Periodic Reporting for period 3 - ULTRHAS (ULtrafine particles from TRansportation – Health Assessment of Sources)
Berichtszeitraum: 2024-09-01 bis 2025-11-30
The ULTRHAS project addresses the human health impact of ultrafine particles (UFPs, particles < 100nm) from emissions of different transport modes. The project applies cutting-edge exhaust generation and exposure approaches and explores the importance of physicochemical characteristics and atmospheric processes for biological effects of UFPs. The overarching objective is to improve risk assessment of air pollutants and to advice policymakers and regulators on more targeted mitigation measures against the emission components and sources that contribute the most to adverse effects in the population. This will allow for more efficient initiatives to improve urban air quality and promote health and well-being.

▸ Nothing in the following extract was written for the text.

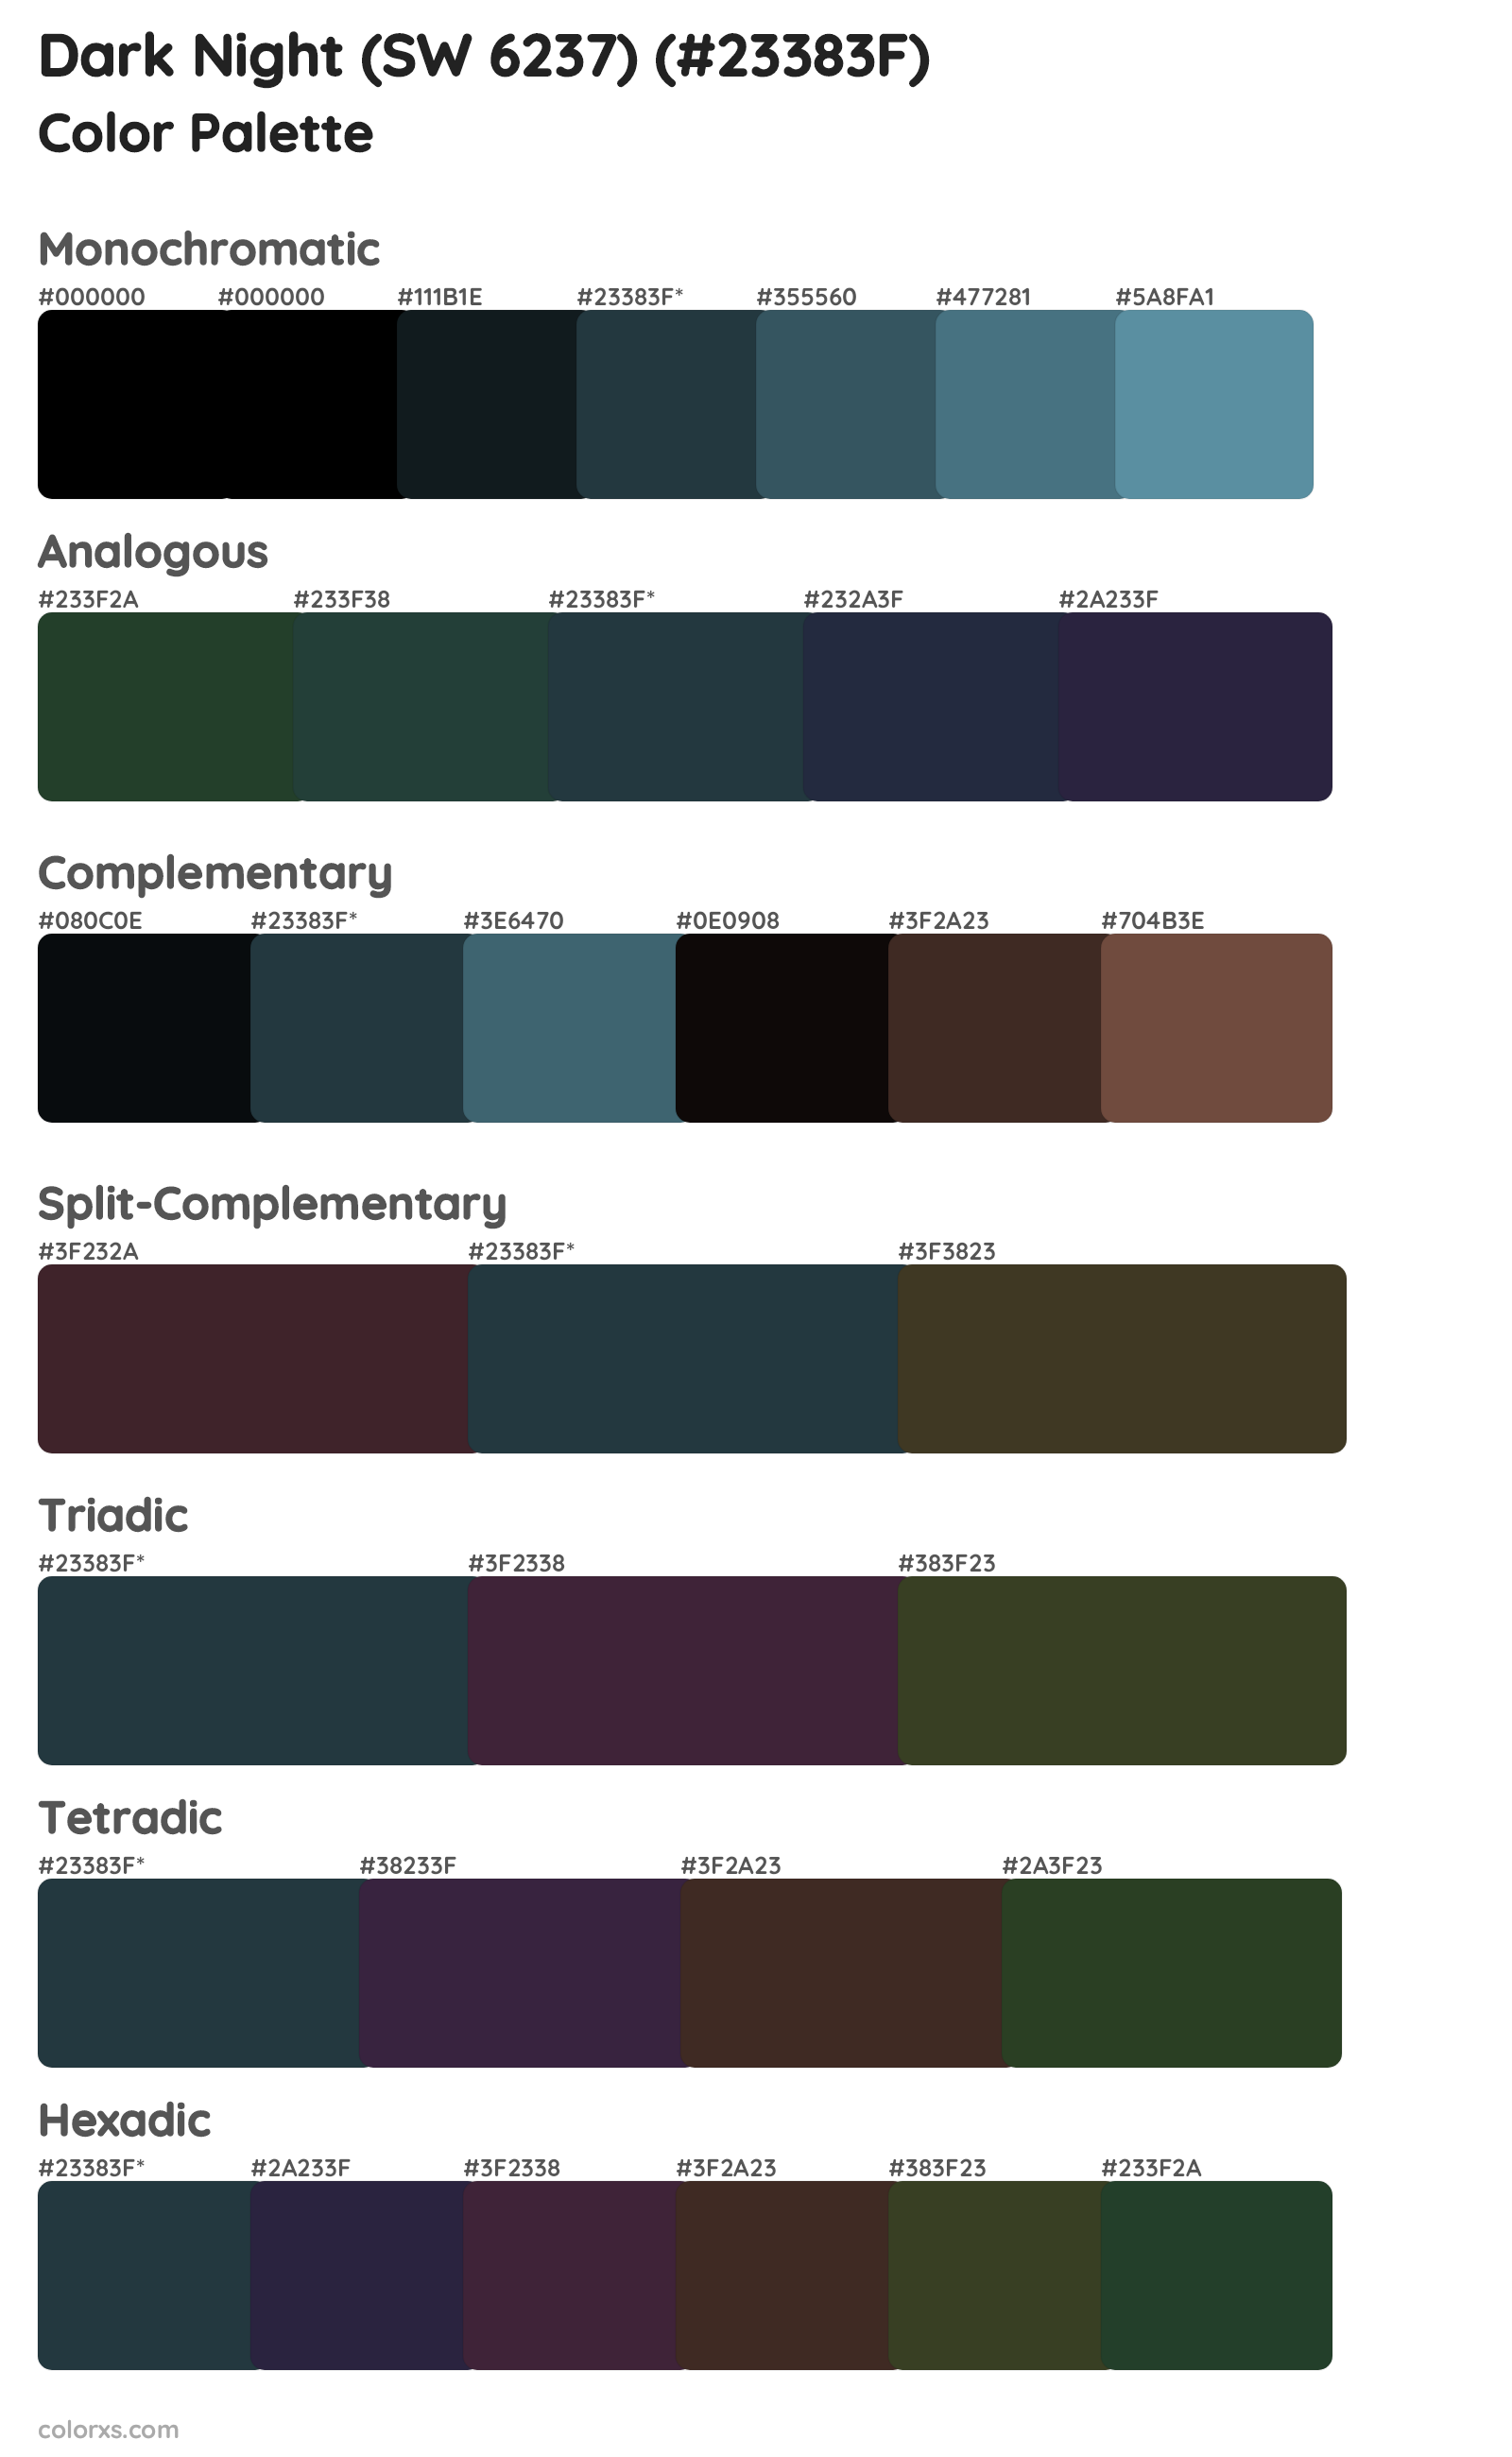 Dark Night (SW 6237) Color Scheme Palettes

During the first project period (months 1-18) the necessary administrative systems and operating bodies were established, along with tools for internal and external communication and dissemination. Exposure systems and cell models were optimized, standard operating procedures (SOPs) developed to align test systems across partner labs, as well as tools for health impact assessment. In a pilot-campaign performed in collaboration with another ongoing project, fresh and aged emissions from light-duty vehicles were tested in different lung cell models, providing valuable input for the main ULTRHAS test campaigns. Studies were also performed with model UFPs (from a soot generator) varying content of semi-volatile organic chemicals (SVOCs) to further explore the importance of particle composition. At the end of the first reporting period, the first major ULTRHAS test campaign on aircraft (JP-8 feul) and ship emissions from Heavy Fuel Oil (HFO) and low-sulfur marine Gas Oil (MGO) was successfully performed, and results were analyzed into the next period.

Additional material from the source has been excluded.